Monday, 31 October 2011
Hepworth Wakefield and Brockholes
A trip to the north of England took in two recent projects, one from each side of the Pennines - each an excellent and widely published building: David Chipperfield's Hepworth gallery at Wakefield, and Adam Khan's Brockholes visitor centre next to junction 31 of the M6.
Le Corbusier called architecture the 'masterly, correct and magnificent play of masses brought together in light'. Many projects don't offer much opportunity for that kind of thing, and nor are most clients necessarily seeking it, but here, in both cases, the opportunity has been taken for 'shapemaking' on an impressive scale.
Wakefield and Brockholes both bring together assemblies of variations on a single form - an implied 'house' - to form a powerful and memorable composition. Each has a watery site that is both difficult (gritty regeneration context at Wakefield, reclaimed gravel pits at Brockholes), and also full of promise in the dramatic opportunities offered.

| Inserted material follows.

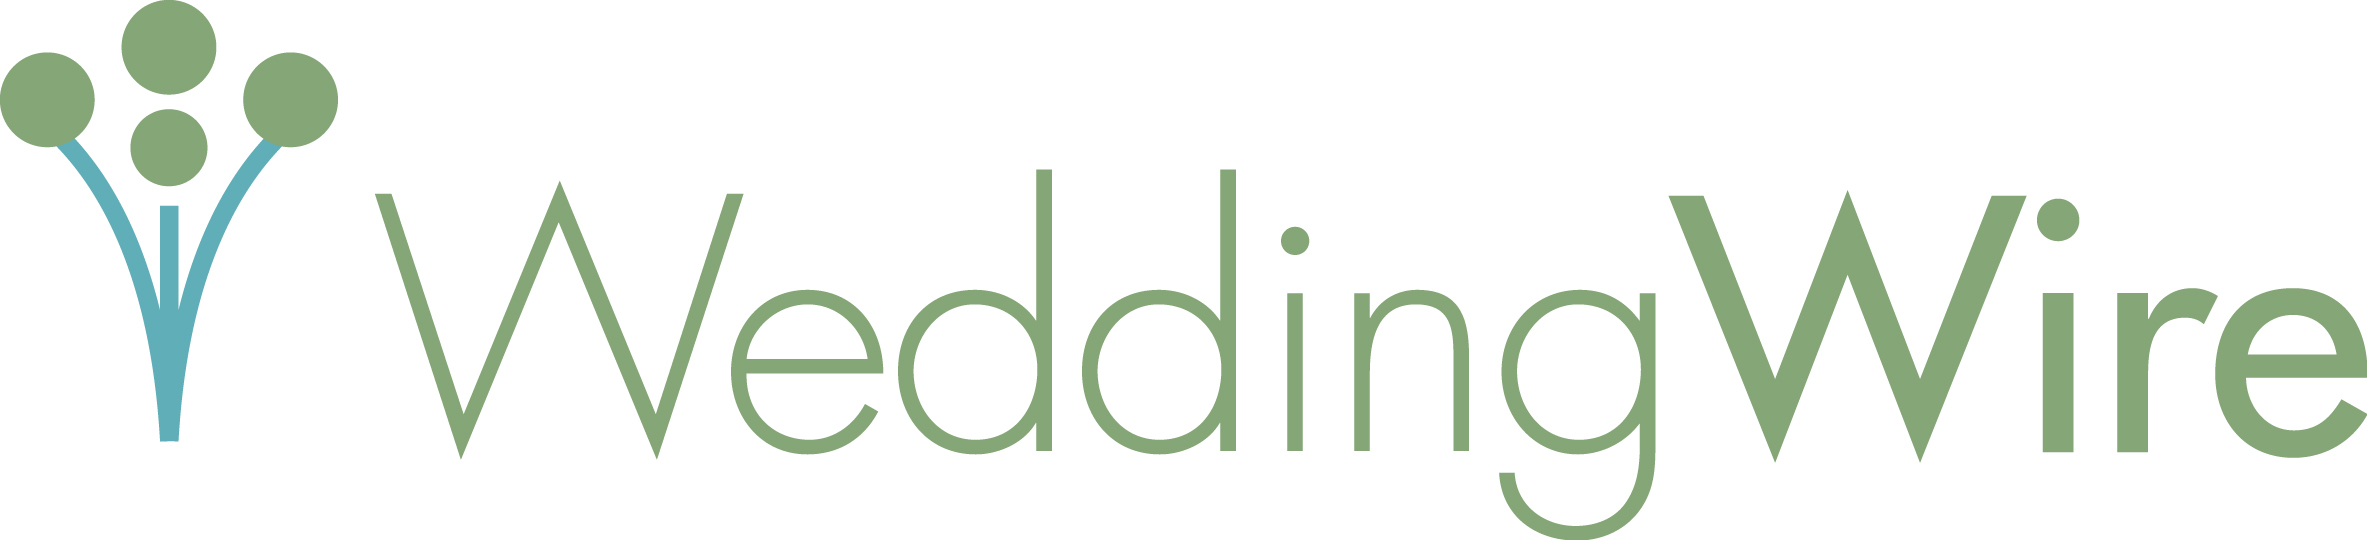 WeddingWire-Logo-Green.jpg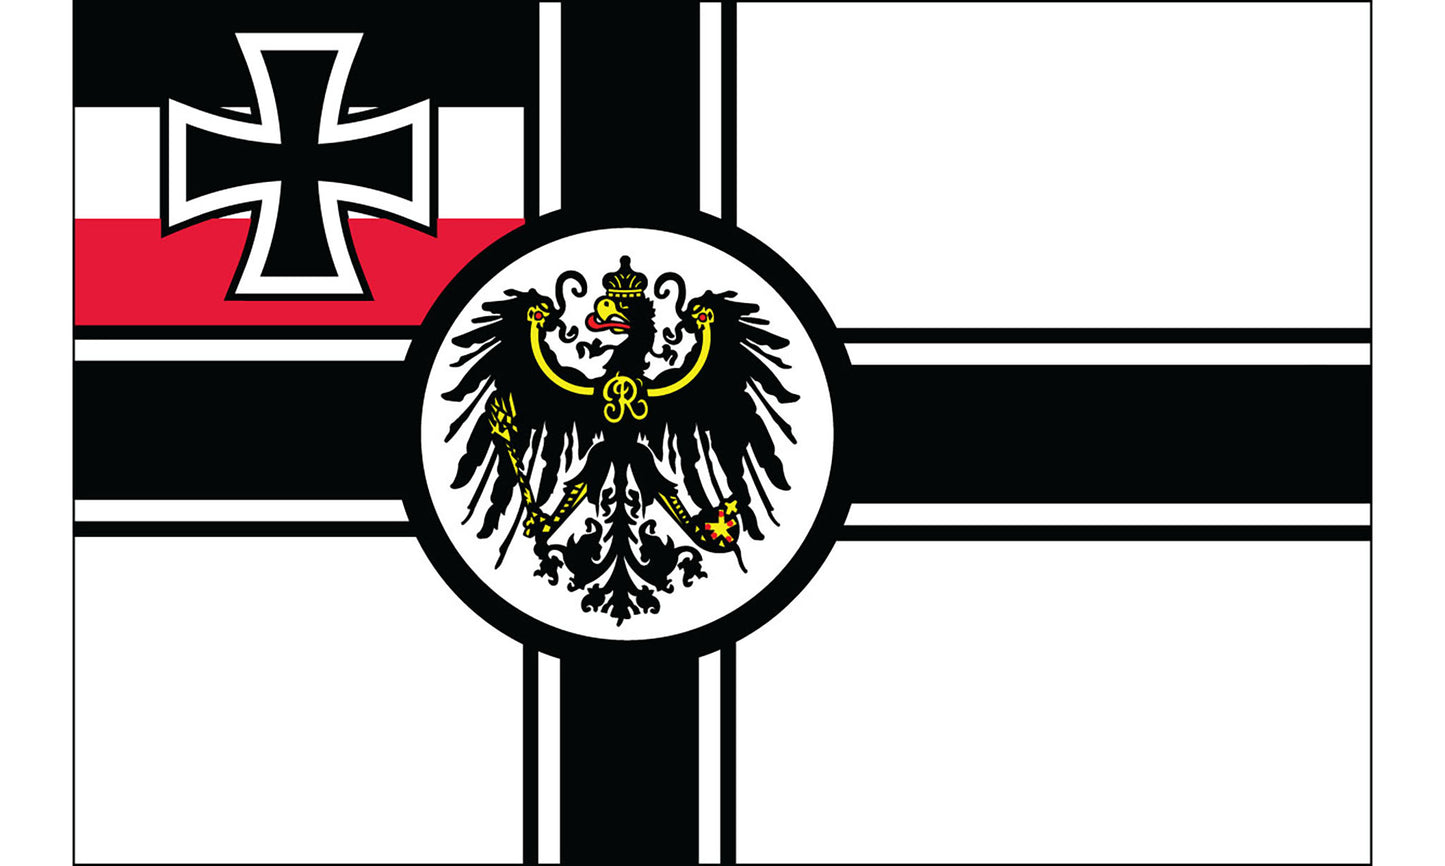 UF-KZR-150x90 - флаг кайзеровской Германии времен Первой мировой войны 1903-1918 гг.

It was particularly pleasing at Wakefield to find that the new footbridge across the river had been delivered as part of the project to provide the main pedestrian link from the town centre, avoiding the horrors of the main road - because there have been countless regeneration projects on cut-off sites all over England that have been predicated on 'aspirational' new bridges over road, railways or rivers, that are left to someone else to pay for and which never appear. Brockholes is approached over a bridge too - what was most pleasing here was the lack of guarding to stop you falling in the water - surprising to find in our nervous, cossetted, risk-averse age. But each of these projects as a whole is challenging and risky compared with what might have been done - the clients deserve prizes as much as the architects.